What are some other steps restaurants can take today to navigate the current climate?

First and foremost, the statute of limitations for claiming the employee retention tax credit will start to run out on July 31, 2023, so if you haven’t assessed your eligibility for the program do so well in advance of that date so you can get your claim in. Many providers have backlogs and it can take a while to get through the process. The FICA tip credit should be reviewed each year-end to see if you qualify. WOTC is a great program which has become much easier to administer with the advent of electronic screening, if you haven’t assessed what this program means to you, here is a calculator that can help you assess how much it can help. 

What do you think of further potential federal aid?
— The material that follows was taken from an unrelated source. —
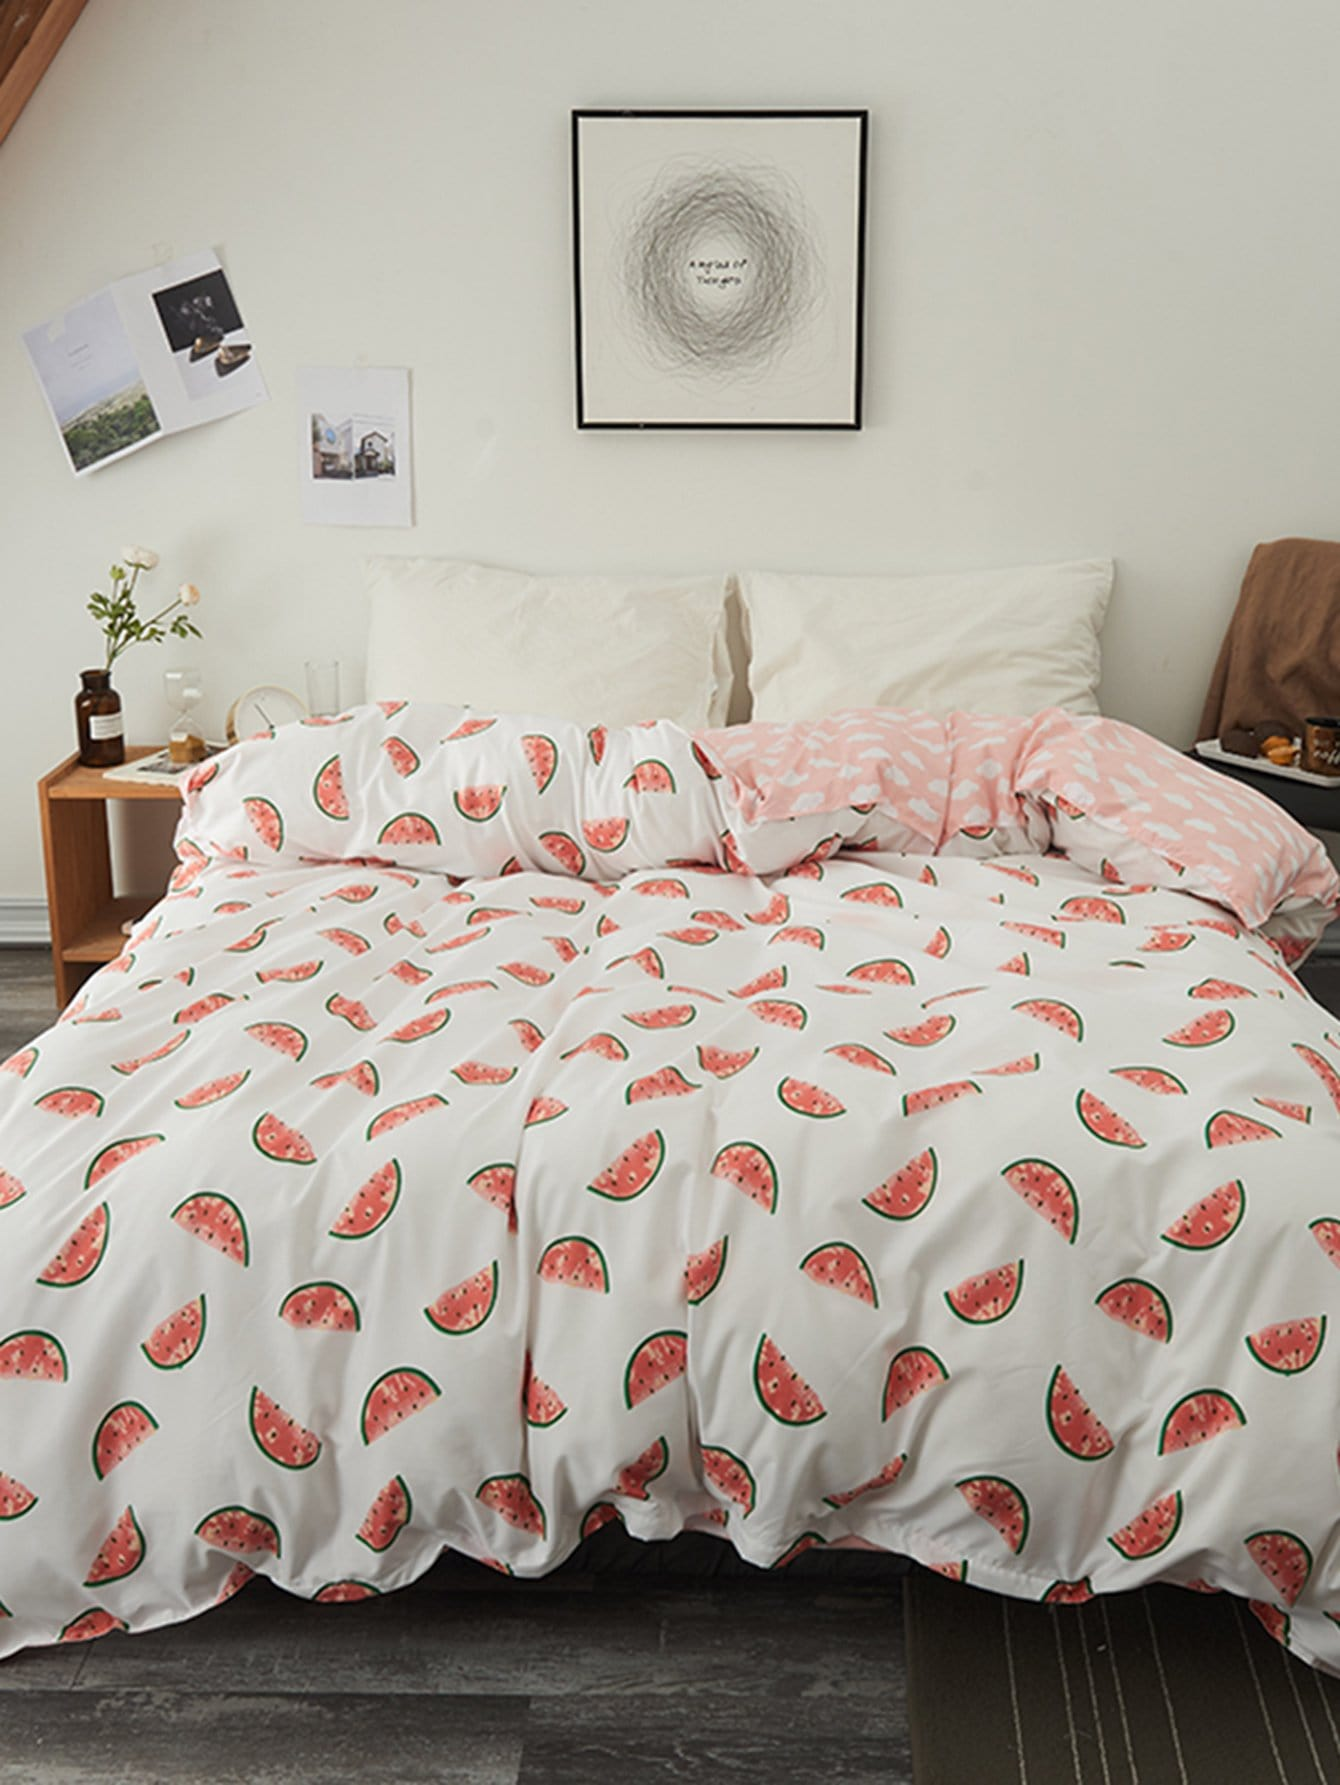 Купить Бархатное постельное бельё с рисунками арбузсов 1 шт, null, SheIn

Does that seem realistic at this point?

Given inflationary pressure I doubt that any meaningful extensions or enhancements of these employment-based tax credit programs will be forthcoming in the near future. In fact, Congress ended two or the three eligibility categories early on September 30, 2021 even though they were originally set to run through December 31, 2021.

Is there anything else operators should be aware of regarding programs and incentives?

Tax incentives used to be utilized almost exclusively by large corporate taxpayers, in today’s post-COVID world they are available and important to a much broader group of employers, make sure you’ve assessed how much they could potentially help your business so you don’t lose a competitive advantage. An easy way to find out is to use companies like ours that specialize in this.